# LLM Applicatios

---
### What you'll build
1. **Earnings calls:** Compare two consecutive transcripts (FedEx) and extract **surprising changes** vs prior call.
2. **FOMC press conference:** Surface statements most likely to **surprise markets**.
3. **Forecasting pitfalls:** Demonstrate **leakage** and why naive LLM+ML pipelines can overstate accuracy.

> This notebook assumes an internet connection.
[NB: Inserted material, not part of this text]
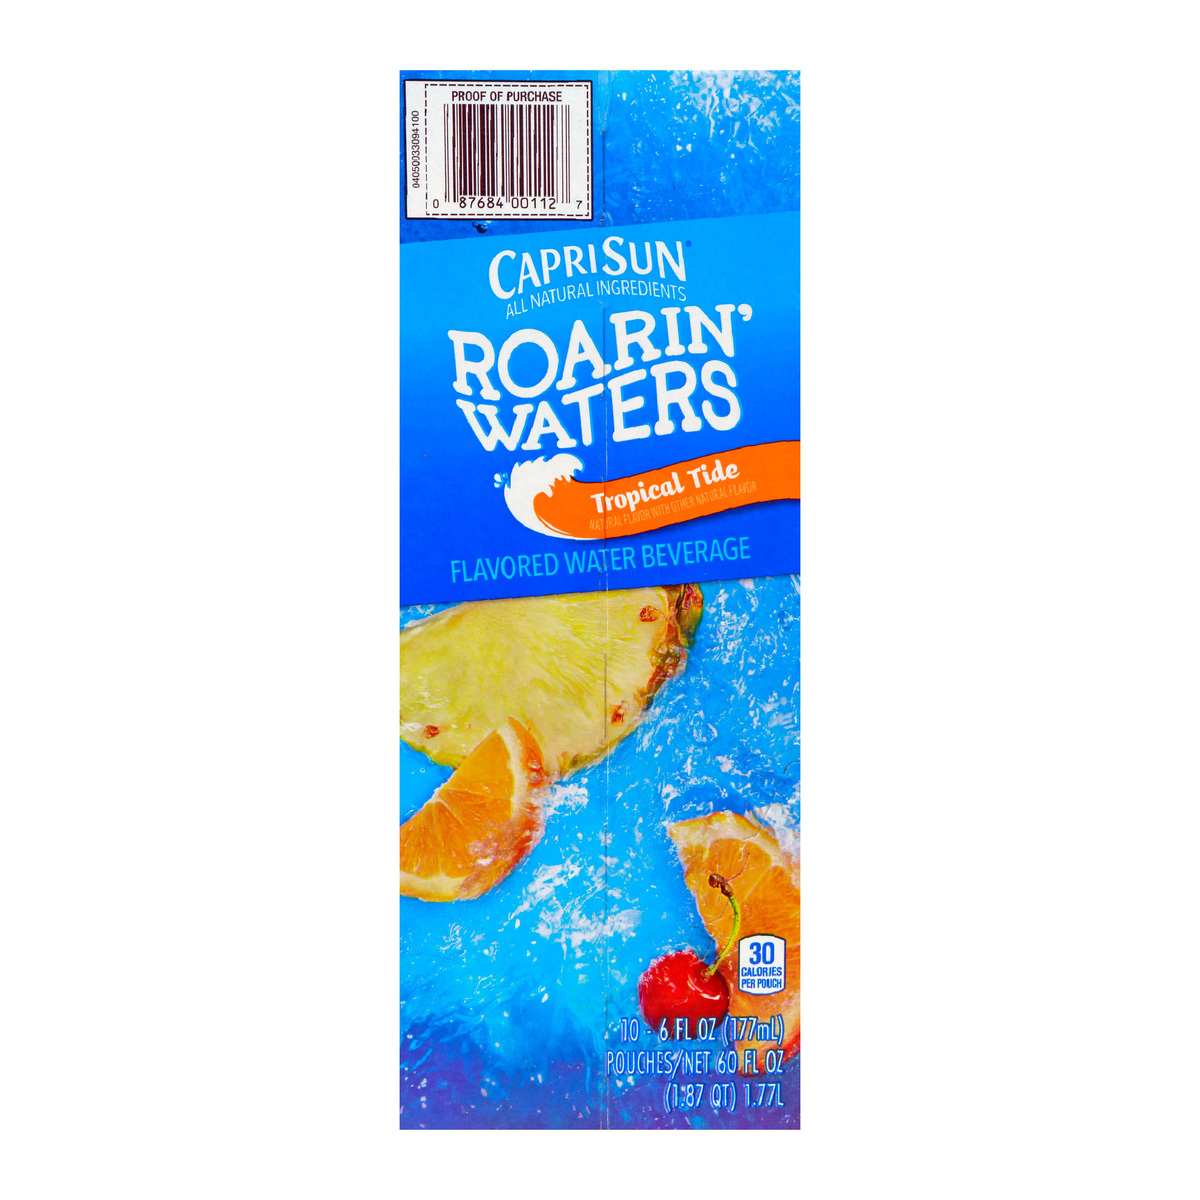 Capri Sun Flavored Water Beverage Roarin' Waters Tropical Tide 1.77Litre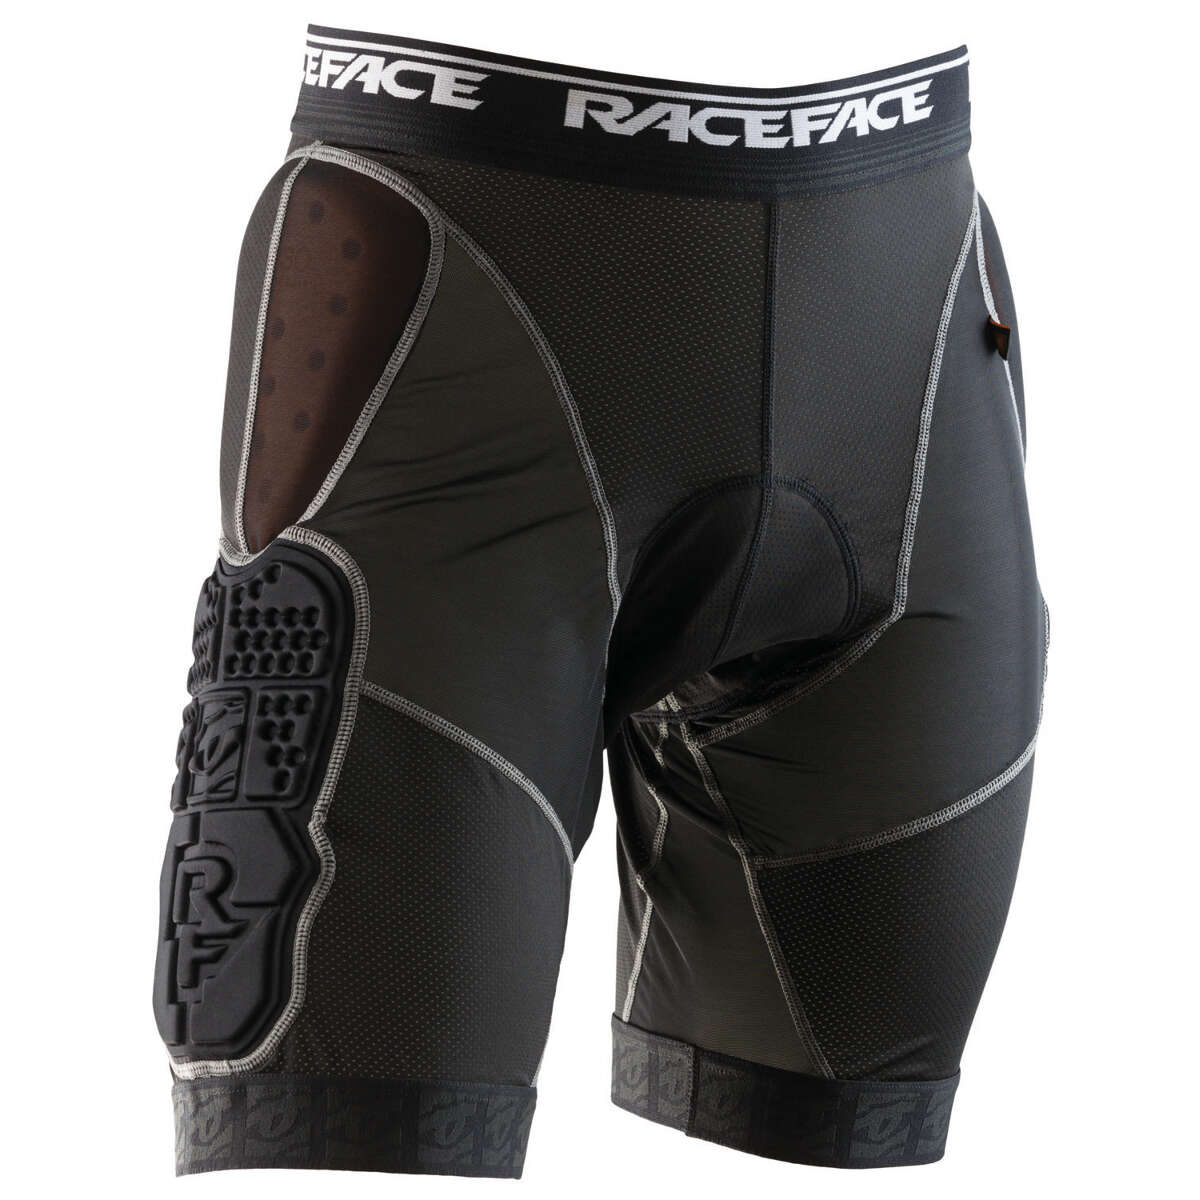 Race Face Sous-Shorts de Protection Flank Liner Stealth

It includes robust fallbacks (short excerpts) so it still runs if websites block scraping during class.

## Learning Objectives
- Use **Gemini (AI Studio)** from Python to classify/extract structured insights from financial text.
- Combine **statistical novelty** (TF‑IDF) with **LLM judgment** to find *surprising* statements.
- Run a small **FOMC surprise** detector with hawkish/dovish cues + LLM vetting.
- See a concrete **look‑ahead bias** failure case and how to fix it.

## 0) Setup
**Gemini API (AI Studio) is free for prototyping** in supported regions. Create a key in AI Studio and set it as `GEMINI_API_KEY`.

### Install (if needed)

In [1]:
# If running on a fresh environment, uncomment:
#%pip install google-generativeai pandas numpy matplotlib scikit-learn beautifulsoup4 requests tqdm
%pip install pdfminer.six pypdf


Collecting pdfminer.six
  Downloading pdfminer_six-20251107-py3-none-any.whl.metadata (4.2 kB)
Collecting pypdf
  Downloading pypdf-6.4.0-py3-none-any.whl.metadata (7.1 kB)
Downloading pdfminer_six-20251107-py3-none-any.whl (5.6 MB)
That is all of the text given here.